The unemployment rate based on International Labour Organization methods rose to 8.4 percent, the highest since January 1996, from 8.1 percent in the three months through August, the Office for National Statistics said today in London. The number of people claiming jobless benefits rose for a 10th month to 1.6 million, the most since January 2010.
The World Bank cut its global growth forecast by the most in three years today, saying the economy has entered a “dangerous period.” In the U.K., the impact from the euro-area crisis is being compounded by Prime Minister David Cameron’s budget cuts, which are damping consumer confidence and will lead to about 700,000 job cuts through early 2017.
“The outlook for the labor market is pretty dismal,” said Nida Ali, economic adviser to the Ernst & Young ITEM Club.

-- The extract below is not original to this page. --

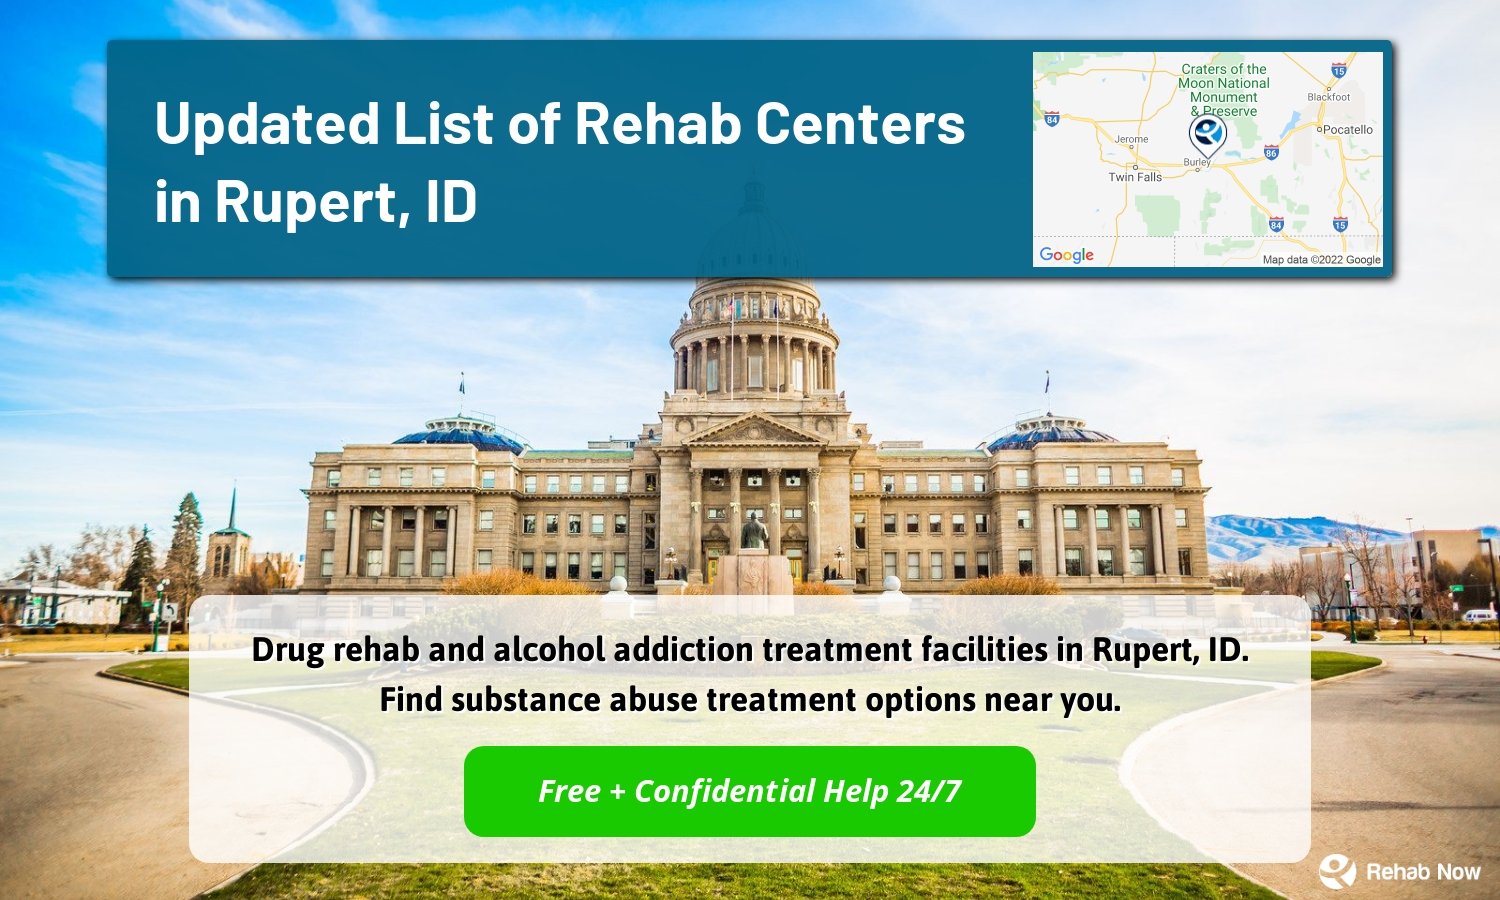 Drug rehab and alcohol addiction treatment facilities in Rupert, ID. Find substance abuse treatment options near you.

She expects unemployment to rise to 9.3 percent in a year and the number could be even higher “if one of the more negative outcomes of the euro-zone crisis were to materialize.”
ITEM Club said Jan. 16 that Britain has slipped back into a recession and Europe’s inability to end the debt crisis has had a “debilitating effect” on the U.K. Royal Bank of Scotland Group Plc said last week it will close its equities and corporate-finance units, cutting as many as 3,500 jobs, while Premier Foods Plc, the maker of Hovis bread, plans to eliminate 600 positions.